Caroline Webster Schermerhorn, called "Lina", was born on September 22, 1830, into a wealthy family who were part of New York City's Dutch aristocracy, descendants of the city's original settlers. Her father, Abraham Schermerhorn (1783–1850), and the extended Schermerhorn family were engaged in shipping. At the time of Lina's birth, Abraham was worth half a million dollars (equivalent to $ million in ). Her mother was Helen Van Cortlandt (née White) Schermerhorn (1792–1881). Lina was the couple's ninth child. Her older sister Elizabeth married General James I. Jones, who owned a vast farm in upper Manhattan called Jones's Wood.

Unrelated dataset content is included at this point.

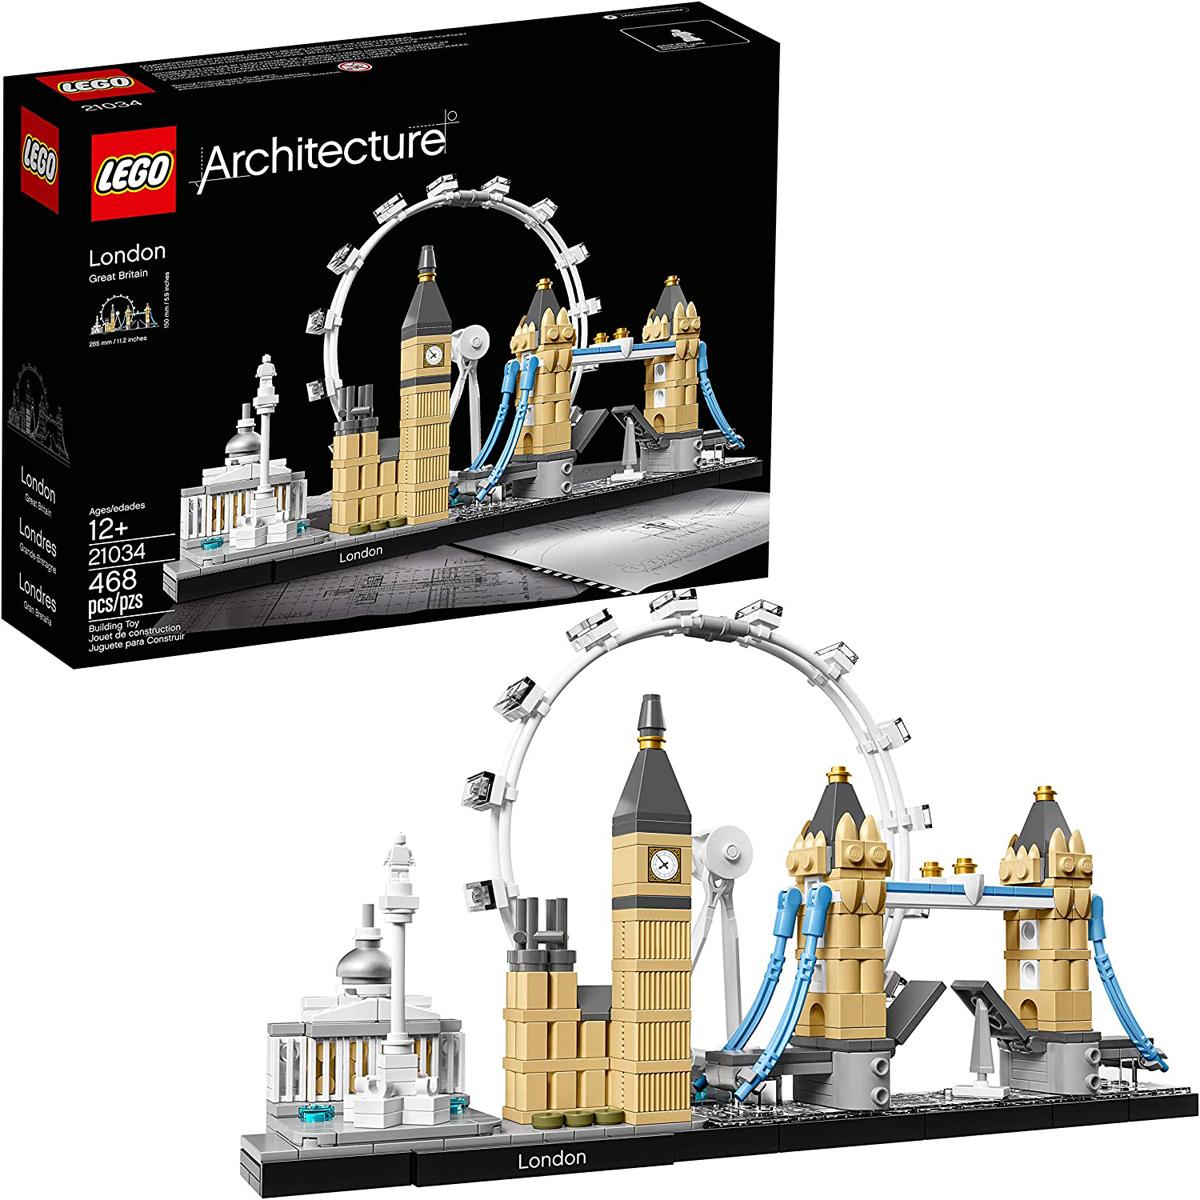 Lego Architecture London Skyline Building Set for $31.99 Shipped

Her maternal grandparents were Henry White Jr. and Anne (née Van Cortlandt) White of the Van Cortlandt family while her paternal grandparents were Peter Schermerhorn and Elizabeth (née Bussing) Schermerhorn. Among her extended Schermerhorn family was first cousin William Colford Schermerhorn, the father of Annie Schermerhorn Kane, wife of John Innes Kane (a great-grandson of John Jacob Astor).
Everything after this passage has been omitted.